If you are using macOS and have never opened the Terminal:

  1. Press Command + Space.
  2. Type Terminal.
  3. Press Return.

Quick start

Create a brand new empty folder, then move into it:

mkdir my-scix-work
cd my-scix-work

Install scix:

pip install scix

Run the setup command:

scix up

scix will ask you to confirm that:

  • the current directory should become your scix workspace
  • this directory is where you want to do your scix work

If the folder is not empty, scix up stops by default. That is intentional.

What scix up will do

It will:

  1. create the scix workspace files
  2. install pyenv if needed
  3. install Python 3.11
  4. create a local environment named xenv/
  5. install scix and the five science packages into xenv/
  6. clone the five reference repositories into repos/
  7. generate Codex and Claude config files

Activate the local Python environment

After setup finishes, activate the environment with:

source xenv/bin/activate

When it is active, your Terminal prompt usually changes.
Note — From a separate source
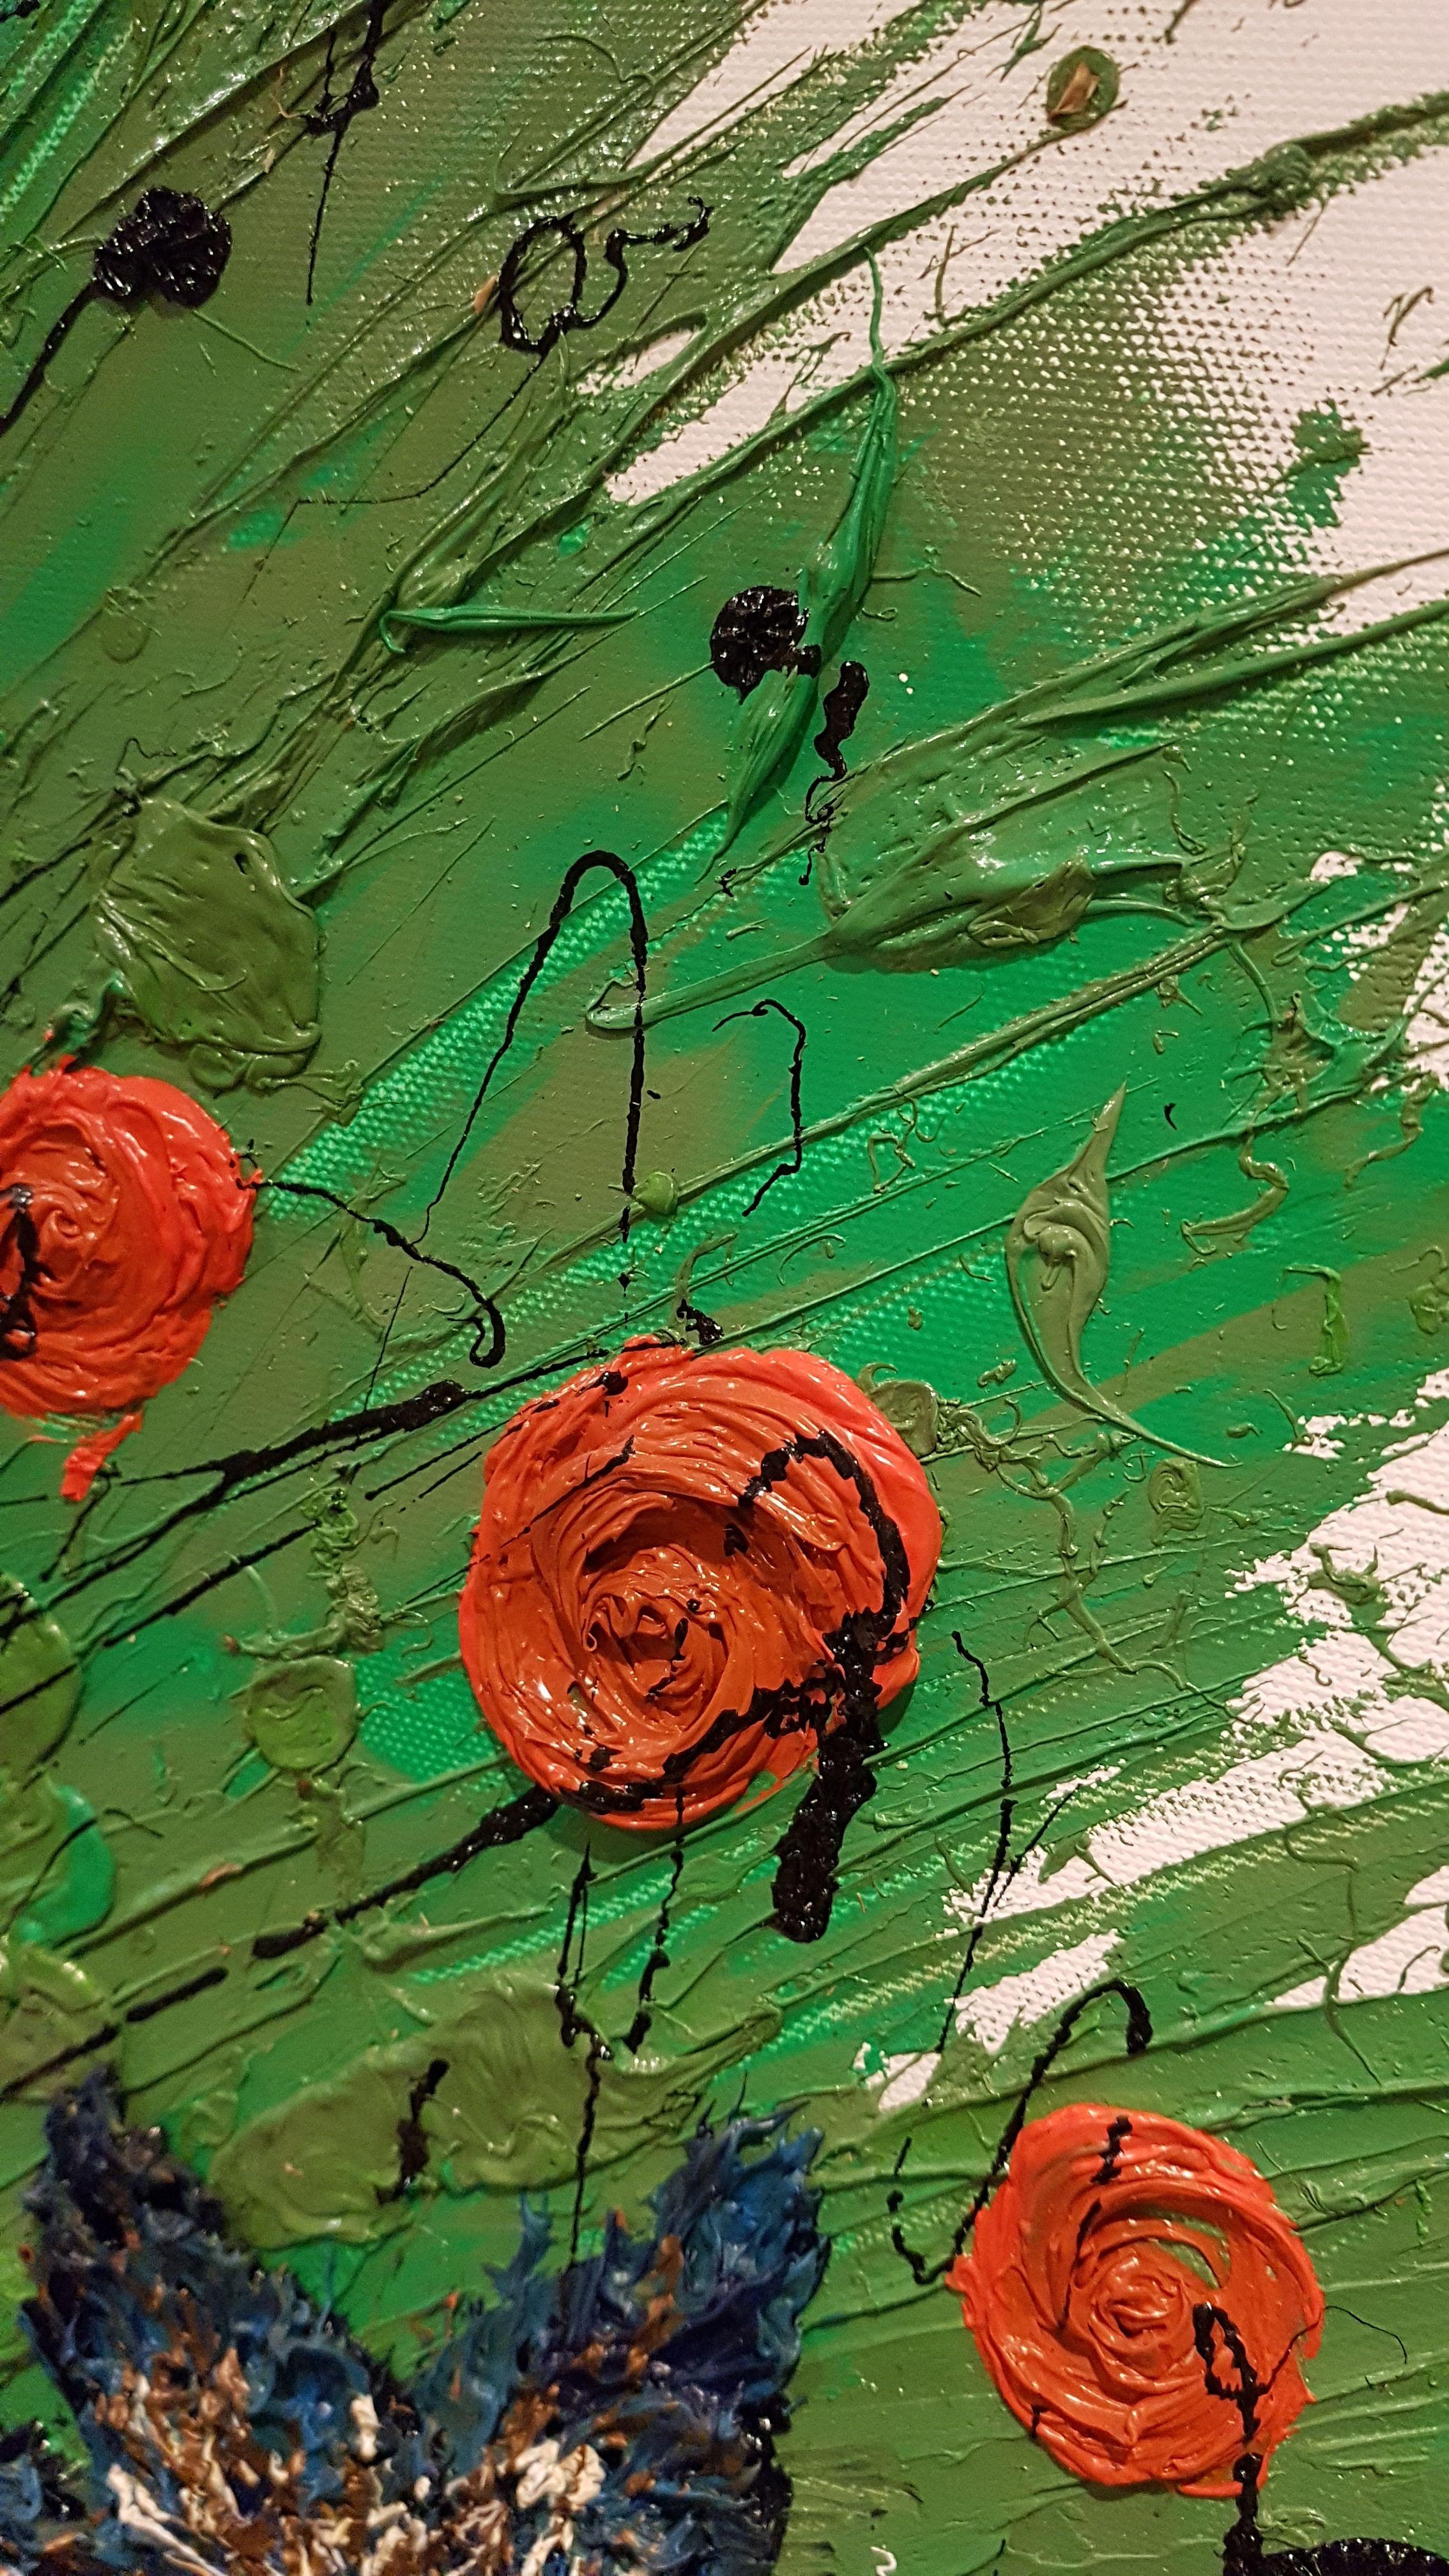 Floral Fantasy is a bold oil painting with the beauty of nature used as inspiration. Textured red-orange roses compliment unique flowers created with palette knives. Flowing green grass bursting with movement mimics wind blowing through blades of

From then on, Python and pip commands use the local environment inside this workspace.

Log into Codex

Open a Terminal in your scix workspace and run:

codex login

If you are using an API key instead of the normal login flow:

printenv OPENAI_API_KEY | codex login --with-api-key

To check whether you are already logged in:

codex login status

Log into Claude

Open a Terminal in your scix workspace and run:

claude auth login

If you use a long-lived token flow:

claude setup-token

To check whether you are already logged in:

claude auth status

Use VS Code

If Visual Studio Code is installed, open it and choose:

  1. File
  2. Open Folder...
  3. Select your scix workspace folder

Then open the built-in terminal in VS Code:

  1. Terminal
  2. New Terminal

Activate xenv there too:

source xenv/bin/activate

If the code command does not work in the Terminal, open VS Code and run:

  1. Command Palette
  2. Type Shell Command: Install 'code' command in PATH
  3. Press Return

After that, you can open the current folder from Terminal with:

code .

Start Codex or Claude inside VS Code

From the VS Code terminal:

codex

or:

claude

Important folders

  • repos/: cloned reference repos such as kintera and pydisort
  • workspace/: your own experiments, notes, notebooks, and rough work
  • xenv/: the local Python environment for this workspace
  • ai/: the shared rules and templates that generate Codex and Claude files

Helpful commands

Regenerate all Codex and Claude files:

scix sync

Check whether the workspace is healthy:

scix doctor

Clone any missing reference repositories again:

scix install-repos

Notes for source-repo developers

This GitHub repository is the source of truth for the scix package. End users normally do not clone it. They install from PyPI and run scix up.